In India è considerata un'erba magica, in passato si credeva anche in Italia che desse coraggio ai timidi.

PARTI DA USARE
Le foglie si raccolgono da maggio a settembre, quando assumono la massima dimensione. Consumare preferibilmente fresco. È aromatizzante (alcune foglie a macerare nell'acqua in cui ci si lava).

PROPRIETÀ CURATIVE
Noto in cucina per il "pesto alla genovese", il basilico si fa apprezzare anche per essere un ottimo attivatore della digestione. Come uso esterno, è tonificante durante il bagno.

INDICAZIONI

Disturbi digestivi, anche in presenza di spasmi intestinali.

MODALITÀ D'USO
Si prepara un infuso con un cucchiaio per tazza, e si bevono 2-3 tazze dopo i pasti.
Il "surrogato di tabacco da fiuto" si ha con 2 parti di basilico, 2 di menta e 2 di cedrina, tutte ridotte in polvere.

BELLEZZA
Per fare un bagno rilassante, immergere nell’acqua tiepida, per 10 minuti, un sacchetto di cotone contenente foglie fresche di basilico.

LA RICETTA
È l’ingrediente base del pesto, con il suo intenso sapore insaporisce insalate miste fresche, sugo di pomodoro, si sposa con uova, melanzane, focacce, pizze ed altri piatti.
Le sue foglie, lavate, asciugate:
vengono inserite tra una falda e l’altra dei pomodori secchi, quando vengono messi sott’olio;
pastellate e fritte, costituiscono uno stuzzichino invitante;
tritate ed unite all’impasto della focaccia, profumano una merenda o uno spuntino;
vengono usate per guarnizione e profumo su piatti di tutto riguardo nelle cucine dei grandi chef.

PESTO ALLA GENOVESE
Pestare nel mortaio una manciata di foglie di basilico con pinoli (o noci), 1 o 2 spicchi d'aglio, acciughe, pecorino macinato, olio d'oliva.

BURRO AL BASILICO
Tritare foglie di basilico con aglio e sale e lavorarlo con 50 gr di burro.
Per bistecche alla griglia o tartine particolari.

martedì 3 agosto 2010

ALGHE NORI


Chiamate anche lattuga di mare, sono molto adatte nei mesi estivi e per l'alimentazione dei bambini.
Si possono usare come:
CONDIMENTO
Tostate un foglio di NORI, passandolo rapidamente sulla fiamma finchè non diventi croccante e verde scuro.
Schiacciatelo nella mani fino a renderlo quasi come una polvere, e mettetene un poco sui cereali, le verdure, nelle zuppe...

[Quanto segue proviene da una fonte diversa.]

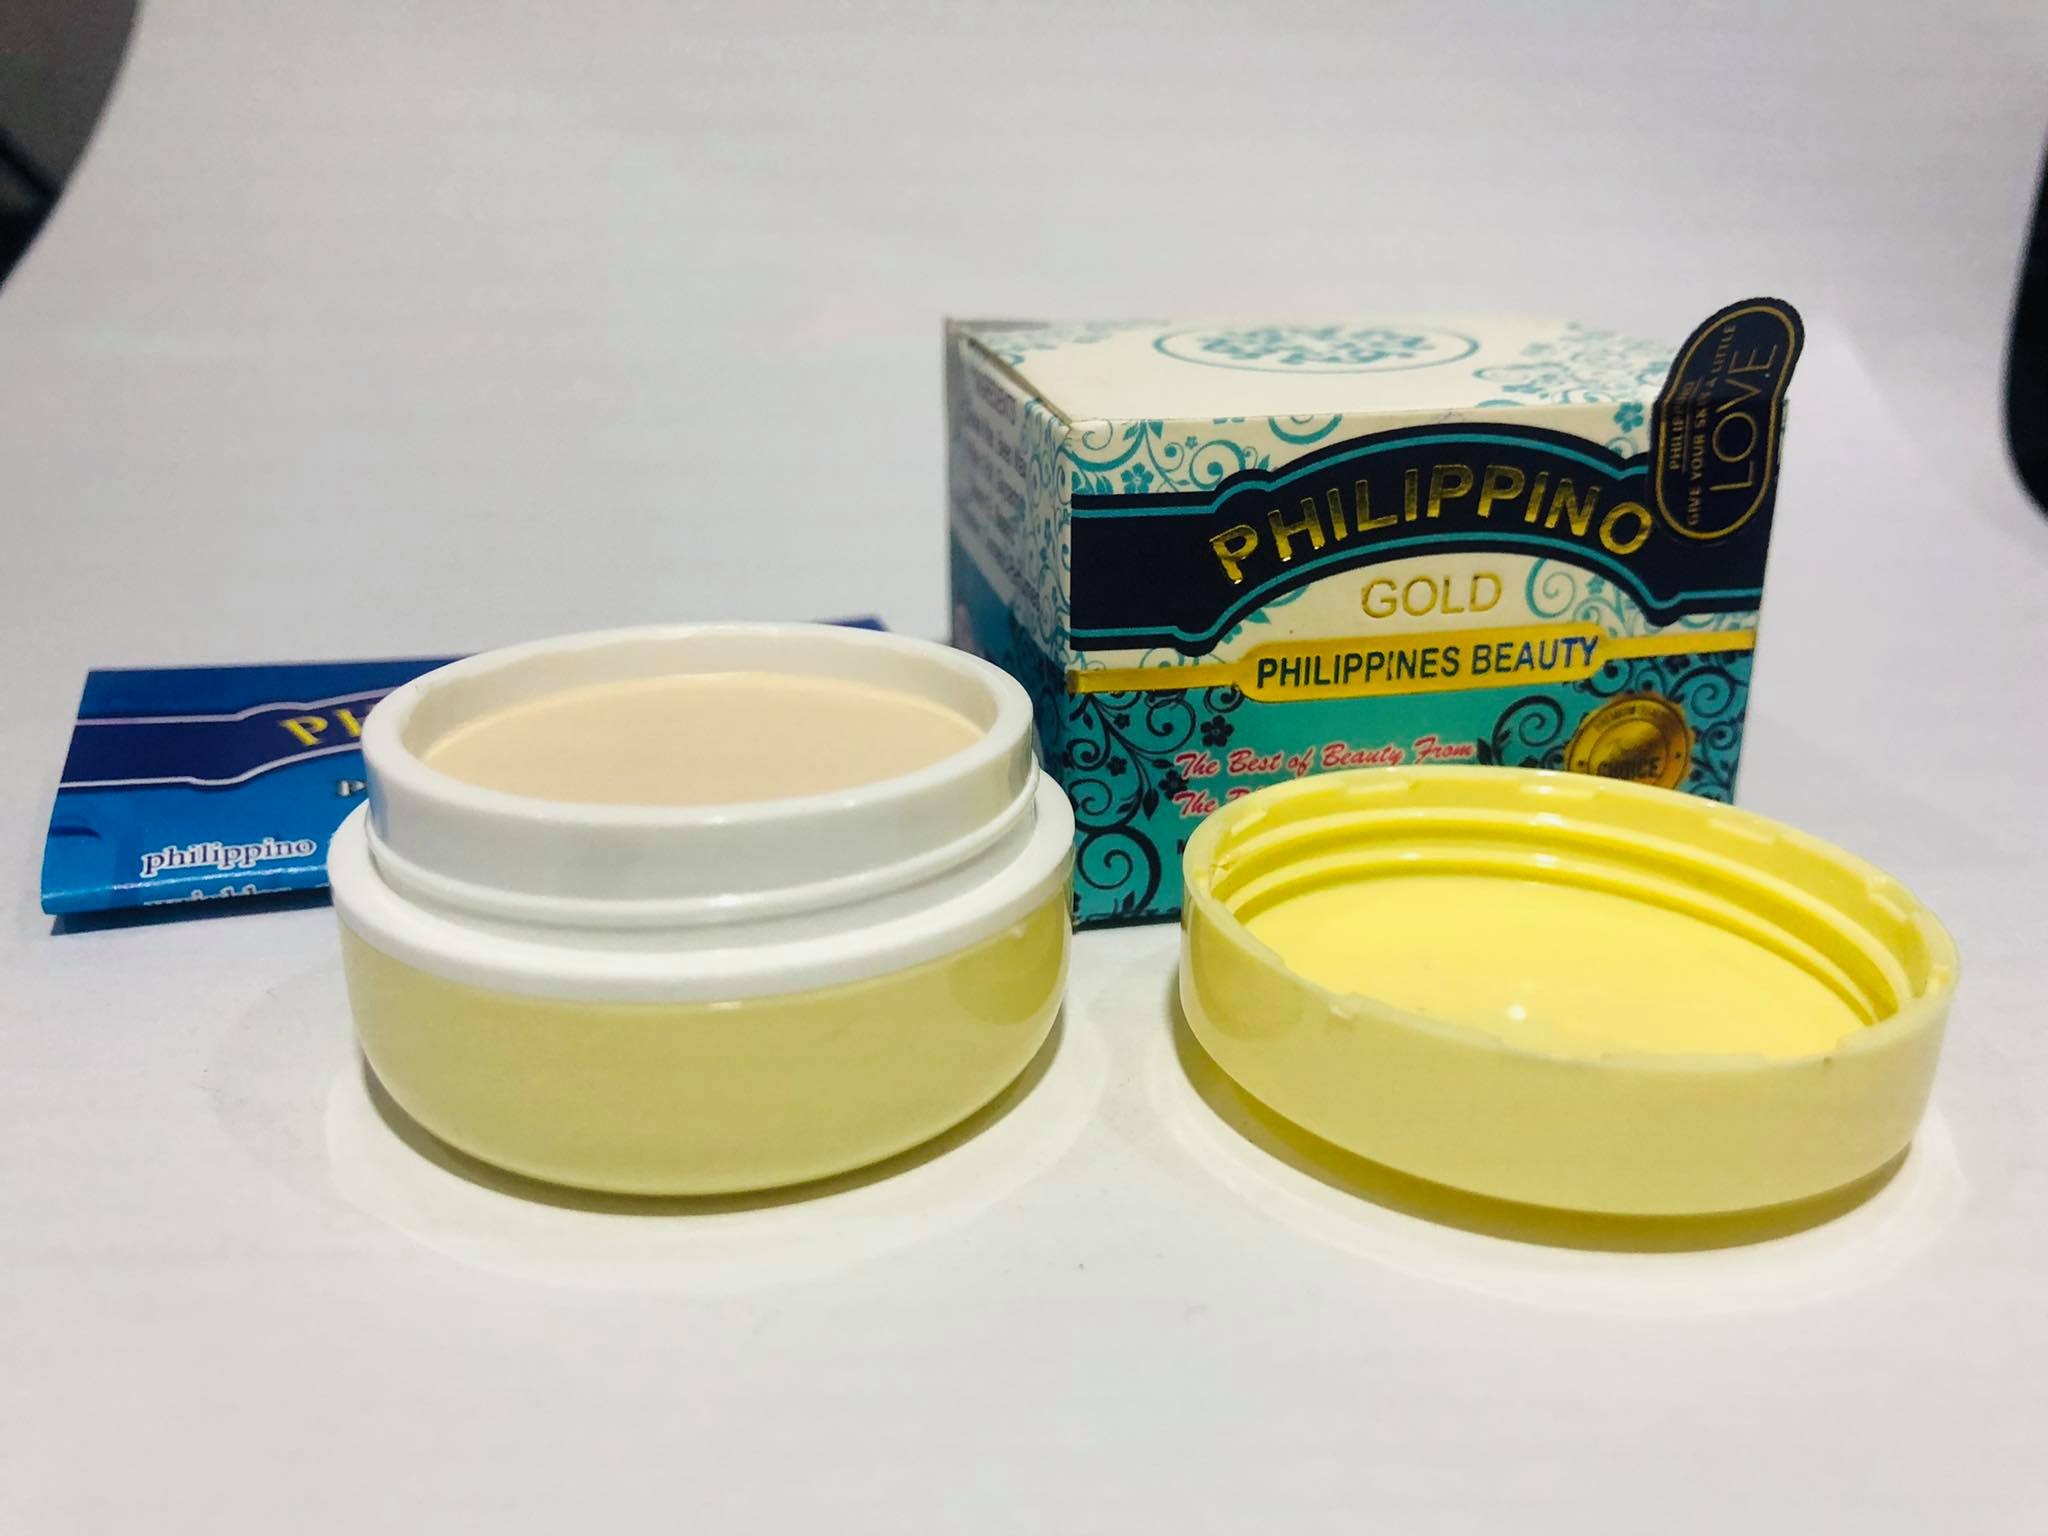 Philppino gold Face cream
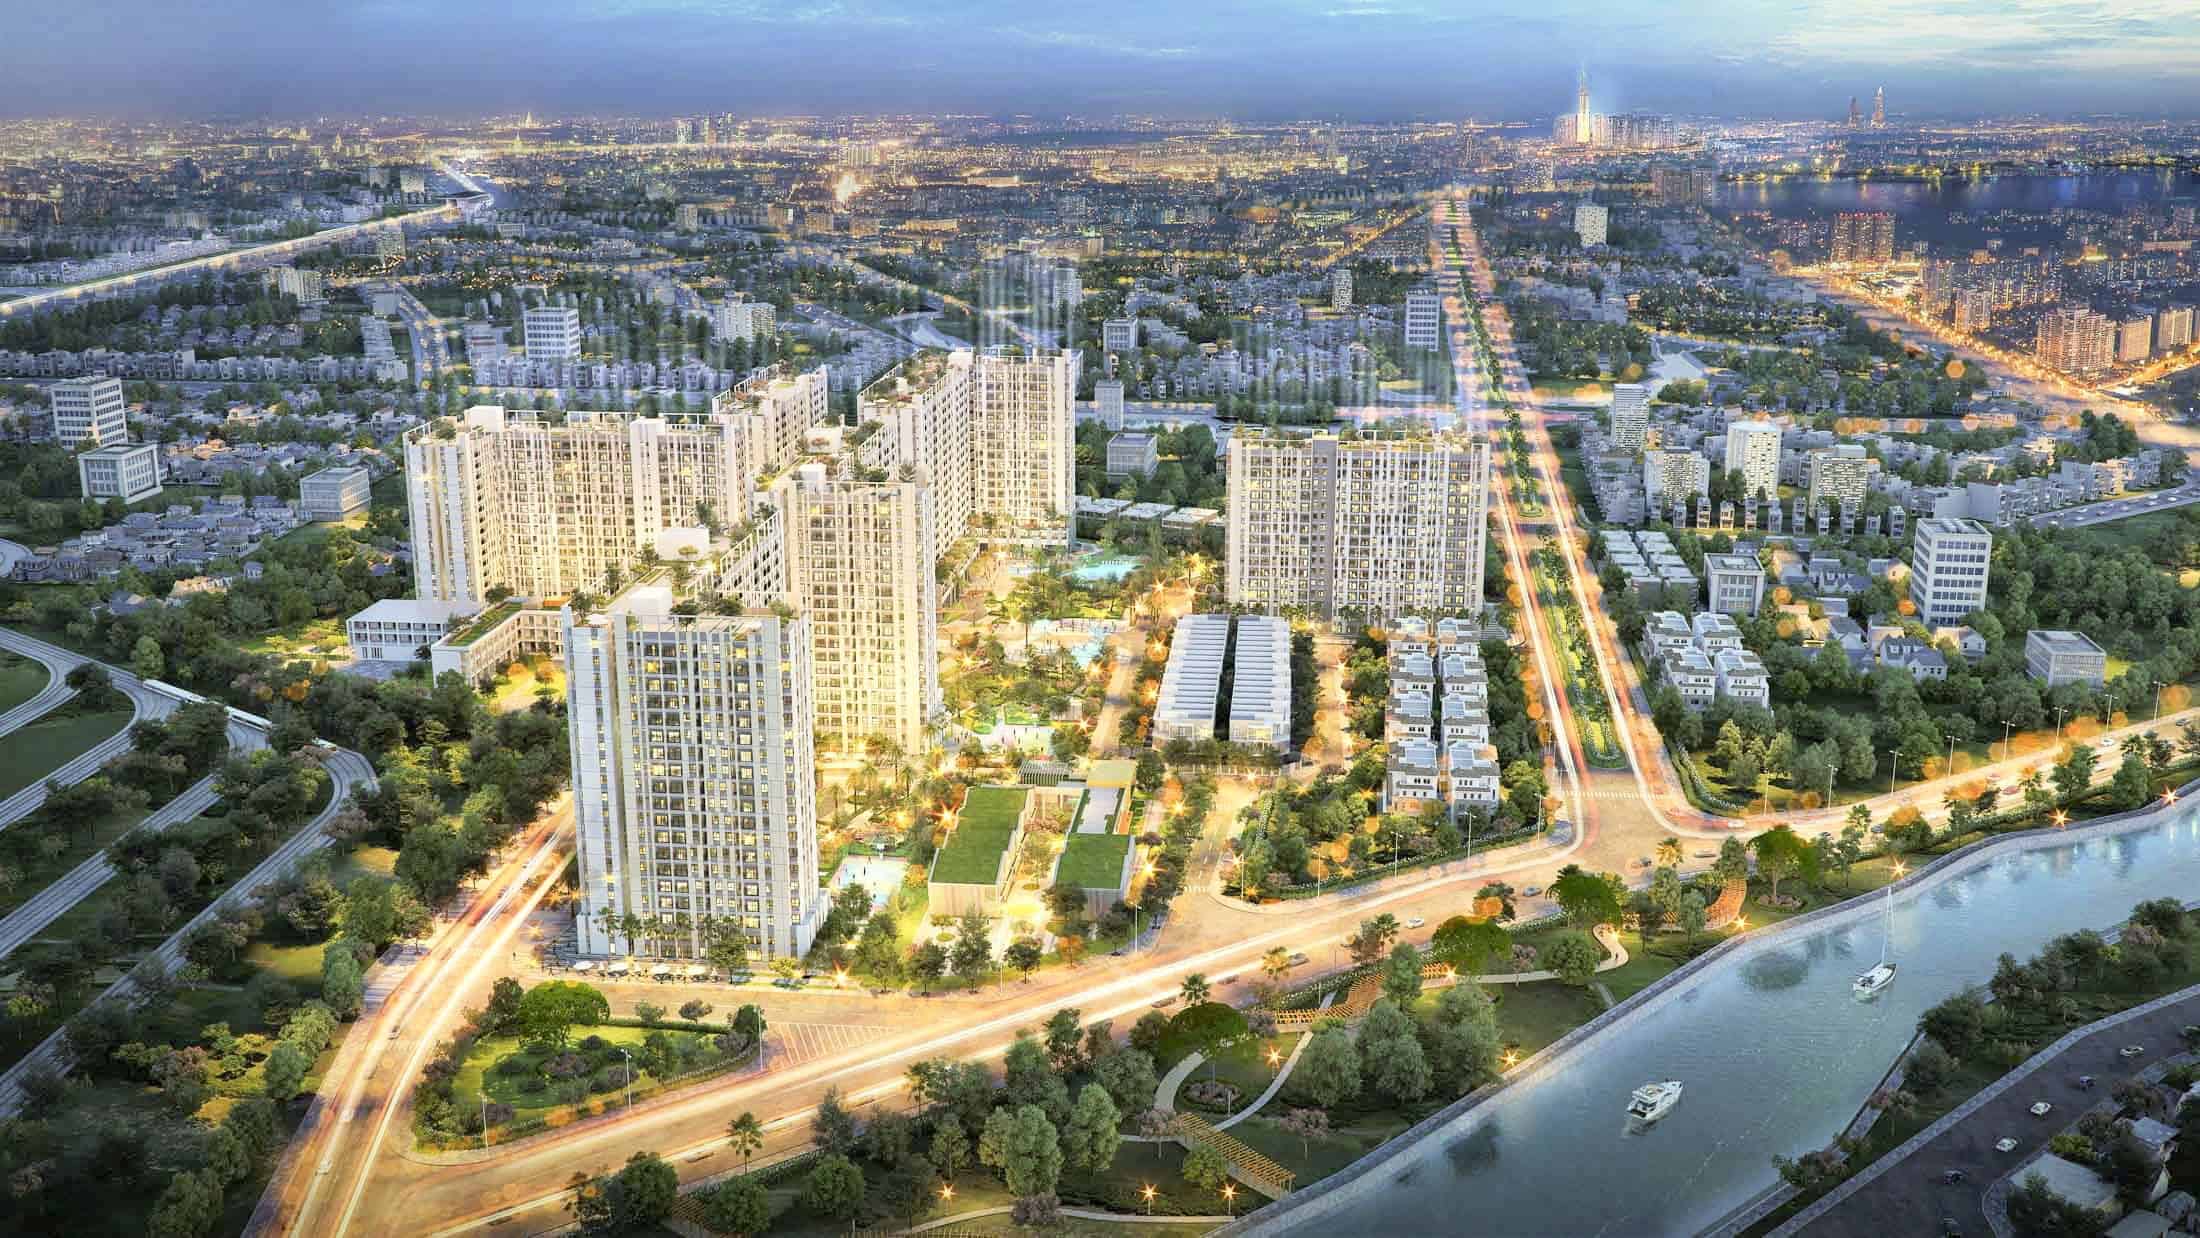 Astral City còn là dự án căn hộ được đặt nhiều kỳ vọng khi đắc địa tọa lạc tại thành phố tiềm năng Thuận An của tỉnh Bình Dương và được các chuyên gia dự báo về sự phát triển không ngừng trong tương lai.

Ripropongo nuovamente la zuppa di miso in un'altra versione.

ZUPPA DI MISO
Per 4 persone:

- 2 cipolle medie
- 2 carote medie
- 2 foglie di verza
- 1 porro piccolo
- 4 bicchieri d'acqua
- 1 foglio di nori
- 1 pizzico di sale
- 1 cucchiaio di olio di sesamo
- 1/2 cucchiaio di miso a persona

Riscaldate l'olio di sesamo in una pentola.
Aggiungete le copolle tagliate a fettine sottili.
A fiamma bassa fatele rinvenire finchè non diventino trasparenti.
Mettete le carote pulite e tagliate a fettine un po' di sbieco.
Lasciate rinvenire qualche minuto, aggiungete la verza tagliata a strisce e il porro (parte bianca e verde) tagliato a fettine.
Fate cuocere tutto insieme sempre a fuoco basso, mescolando il meno possibile, per 4-5 minuti. Aggiungete il sale, l'acqua,l a nori tagliata a lamelle.
Coprite e dopo l'ebollizione, continuate la cottura per 10 minuti. Spegnete. Diluite il miso nel brodo e servite.

SALSA (per condire i cereali)
Per 4 persone:
- 3 fogli interi di nori
- 1/2 bicchiere d'acqua
- 1 cucchiaio di olio di girasole
- 1 cucchiaio di tamari
- 1/2 cucchiaio di succo di limone
- 1 cucchiaio di semi di sesamo abbrustoliti (fac.)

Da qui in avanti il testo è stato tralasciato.